──────── Supplied data ────────

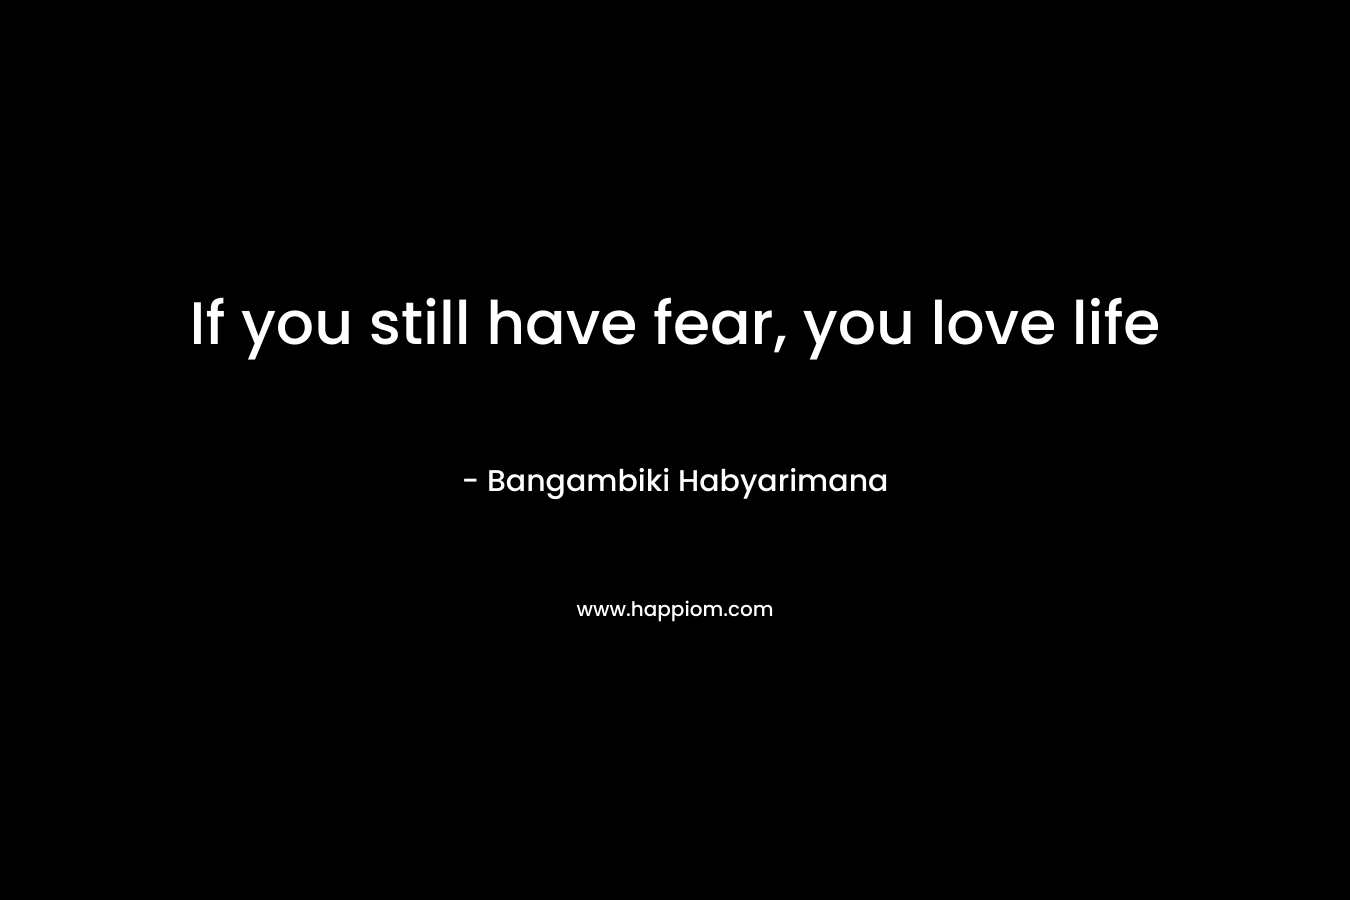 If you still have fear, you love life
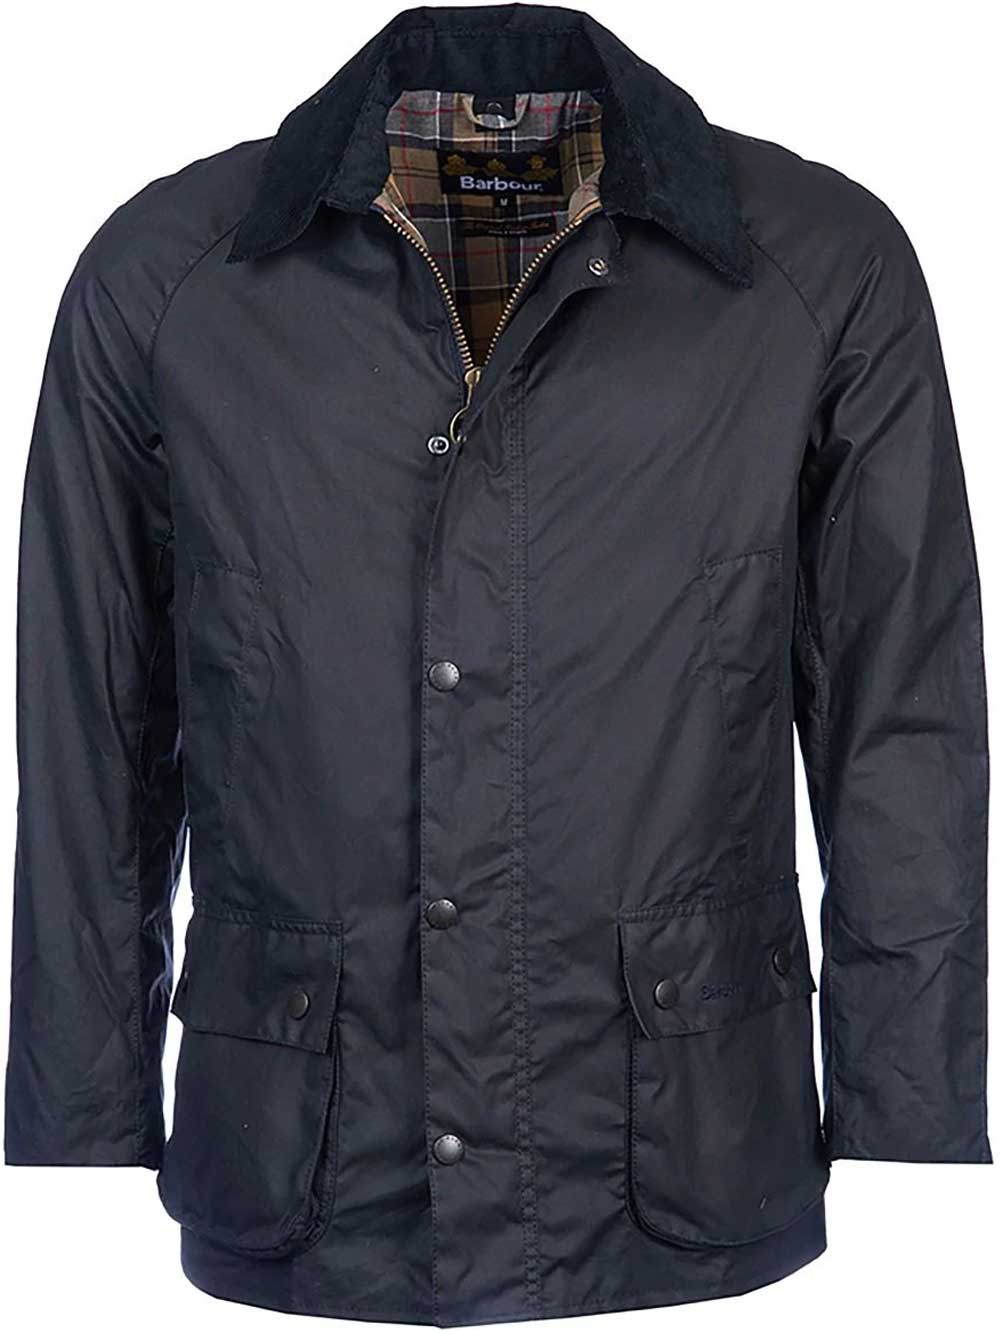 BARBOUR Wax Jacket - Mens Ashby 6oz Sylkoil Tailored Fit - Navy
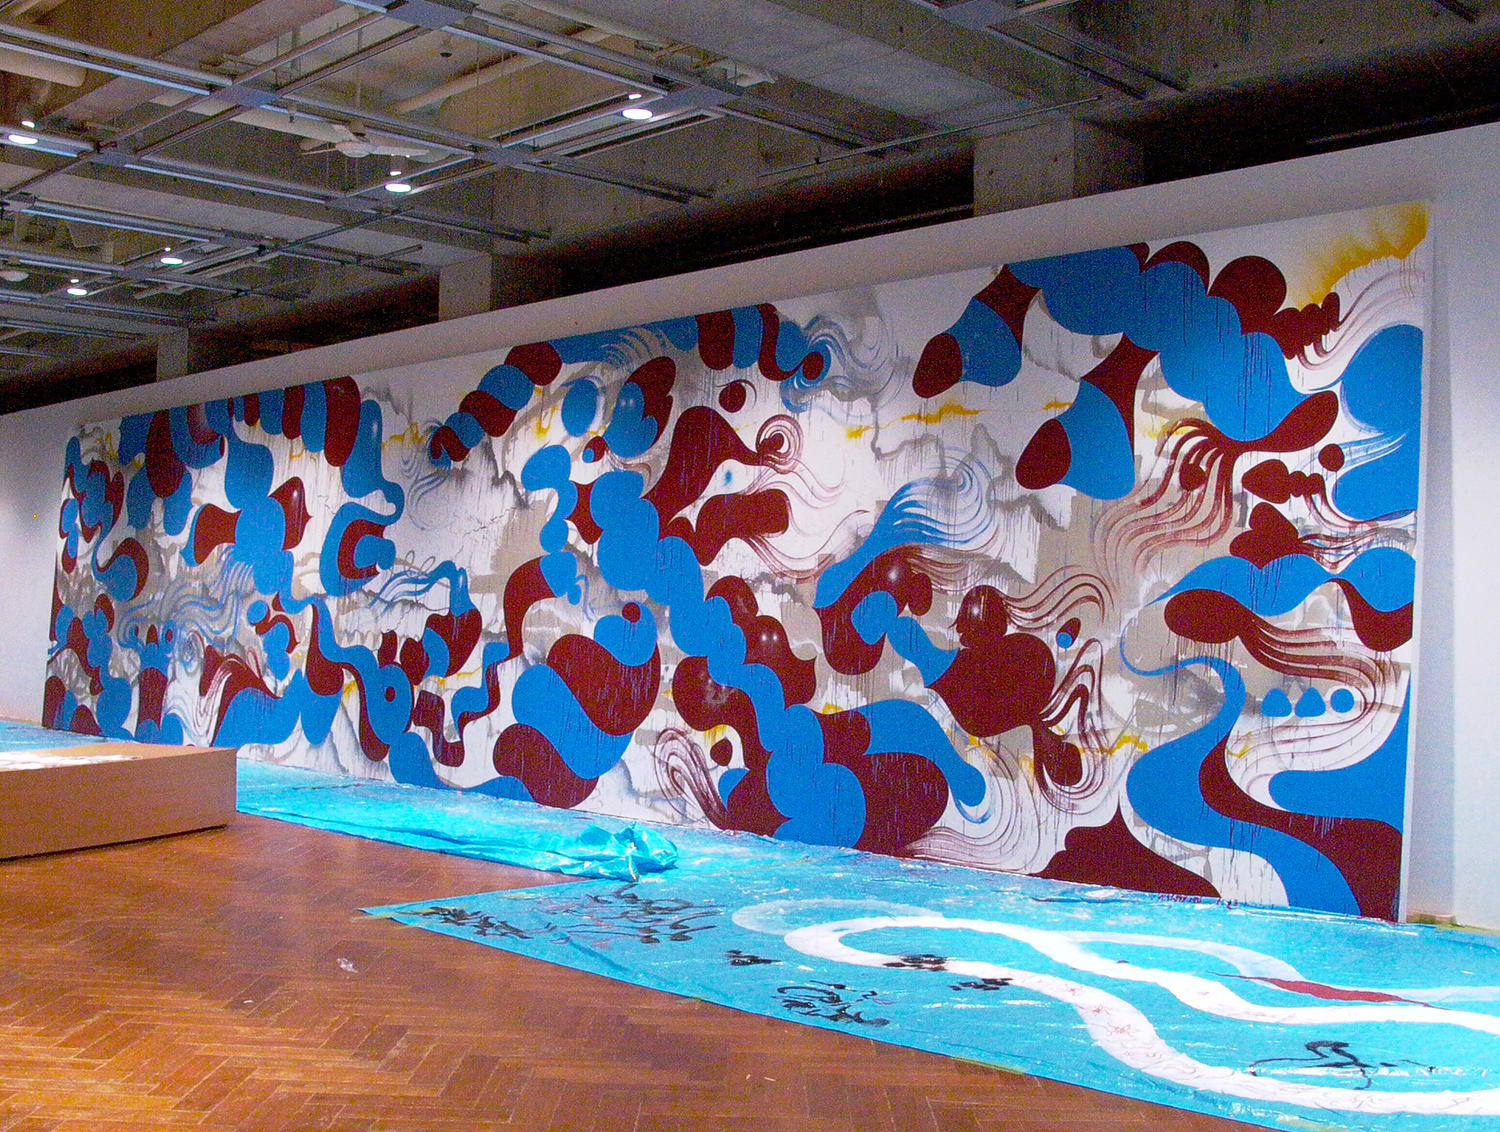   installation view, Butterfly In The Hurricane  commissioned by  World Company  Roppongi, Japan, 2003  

────────

Go through the material above and repeat it exactly. Omit the pictures.

Problem solution:
 If you still have fear, you love life
 BARBOUR Wax Jacket - Mens Ashby 6oz Sylkoil Tailored Fit - Navy
   installation view, Butterfly In The Hurricane  commissioned by  World Company  Roppongi, Japan, 2003  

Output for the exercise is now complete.